Patients with BWS need certain screening both during infancy and into adulthood. A child with BWS requires tumor surveillance until aged 8 years, and an annual renal ultrasound through adolescence. Hypercalciuria also should be monitored with a urine calcium/creatinine ratio. In terms of facial hemihyperplasia, surgical correction is possible. As an adult with BWS, concerns include renal medullary dysplasia as well as decreased fertility in males. An echocardiography should be done every 3 to 5 years to evaluate for possible cardiomyopathy and, similarly to children, adults also need a renal ultrasound annually, renal function tests every 3 to 5 years, and a hearing evaluation every 2 to 3 years.2

Without the development of malignant tumors, the prognosis for children affected with BWS is generally good. Growth rate slows around age 7 or 8 years.4 In fact, if there were to be adverse developmental outcomes, these can be attributed to complications of prematurity or extreme hypoglycemia, not the actual syndrome.1

Final diagnosis and patient outcome

Given this patient’s specific physical exam findings, genetic testing for Beckwith-Wiedemann syndrome was ordered. Results revealed hypomethylation on IC2, consistent with a diagnosis of Beckwith-Wiedemann syndrome.

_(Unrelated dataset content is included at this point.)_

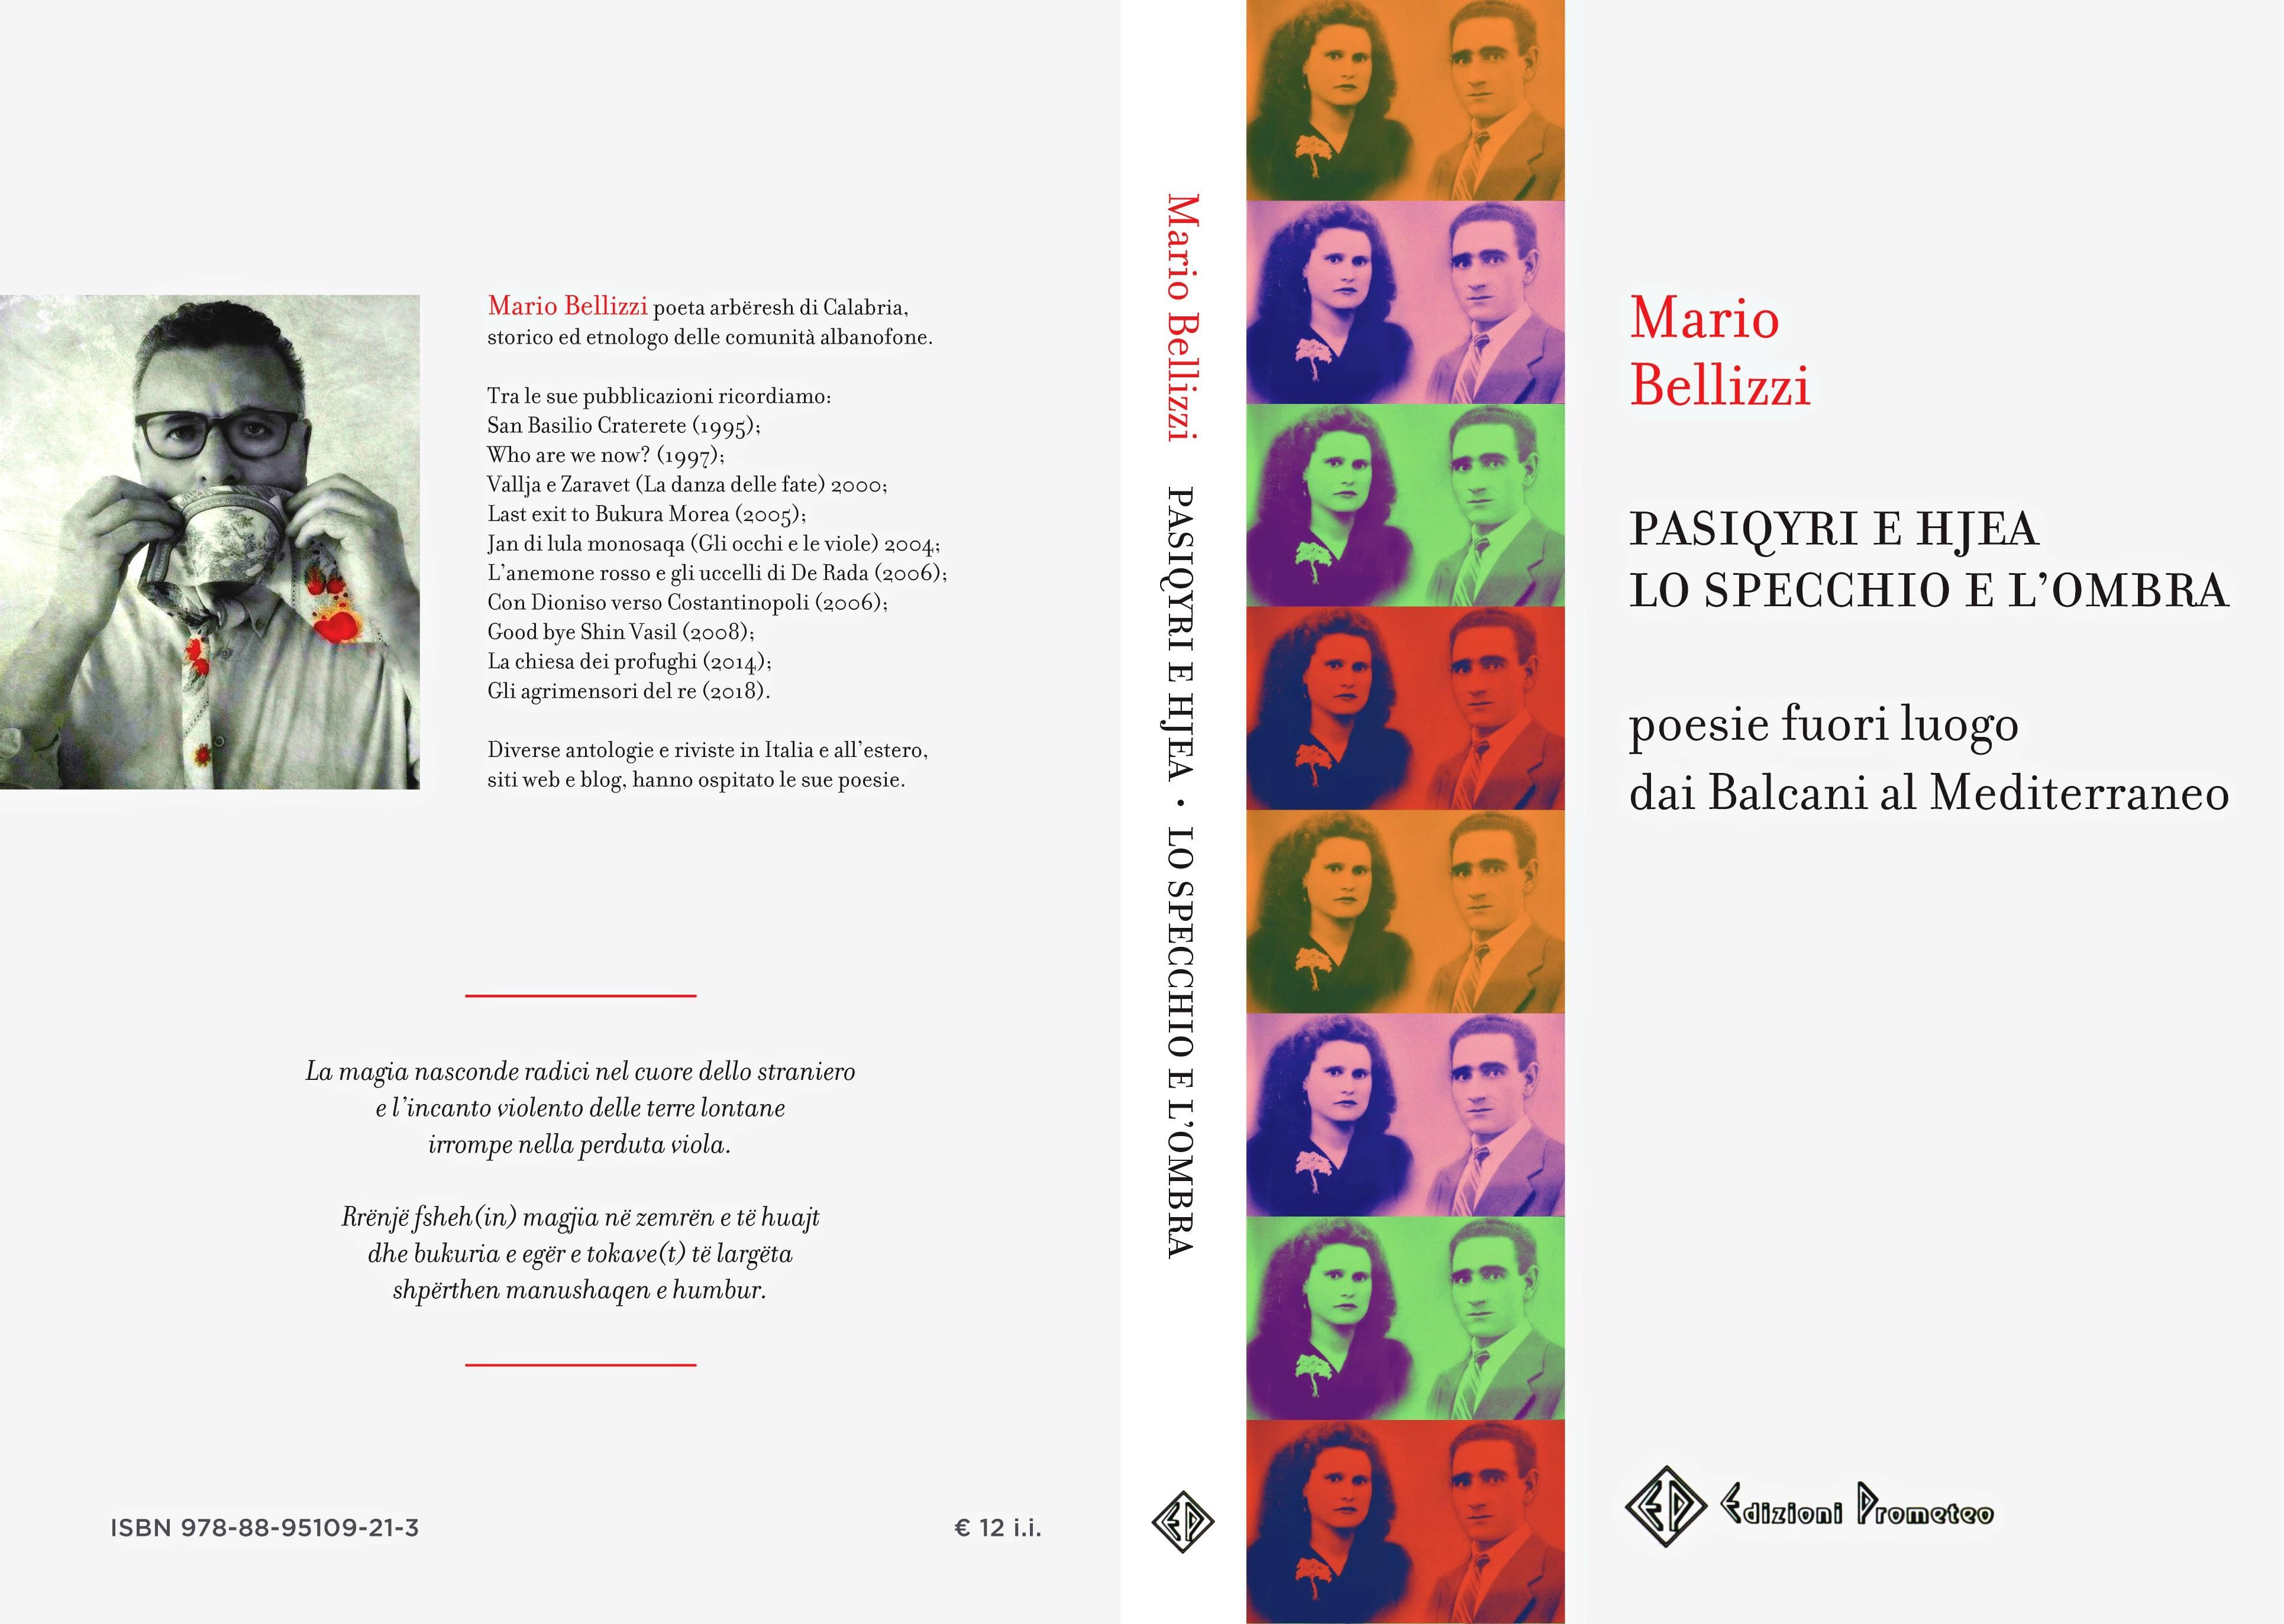 I Poeti Contemporanei 137 - 7 autori (I Poeti Contemporanei - 7 autori) (Italian Edition)

She was discharged home on breast milk feeds ad lib, with follow-up appointments with the high risk clinic, cardiology, and general surgery.


1. Edmondson AC, Kalish JM. Overgrowth syndromes. J Pediatr Genet. 2015;4(3):136-143.

2. Pappas JG. The clinical course of an overgrowth syndrome, from diagnosis in infancy through adulthood: the case of Beckwith-Wiedemann syndrome. Curr Probl Pediatr Adolesc Health Care. 2015;45(4):112-117.

3. Tsukamoto M, Hitosugi T, Yokoyama T. Perioperative airway management of a patient with Beckwith-Wiedemann syndrome. J Dent Anesth Pain Med. 2016;16(4):313-316.

4. Tower P, Tolia VN. Another preemie with hypoglycemia? Beckwith-Wiedemann syndrome-a case study. Neonatal Netw. 2015;34(3):178-182.

5. Brioude F, Kalish JM, Mussa A, et al. Expert consensus document: clinical and molecular diagnosis, screening, and management of Beckwith-Wiedemann syndrome: an international consensus statement. Nat Rev Endocrinol. 2018;14(4):229-249.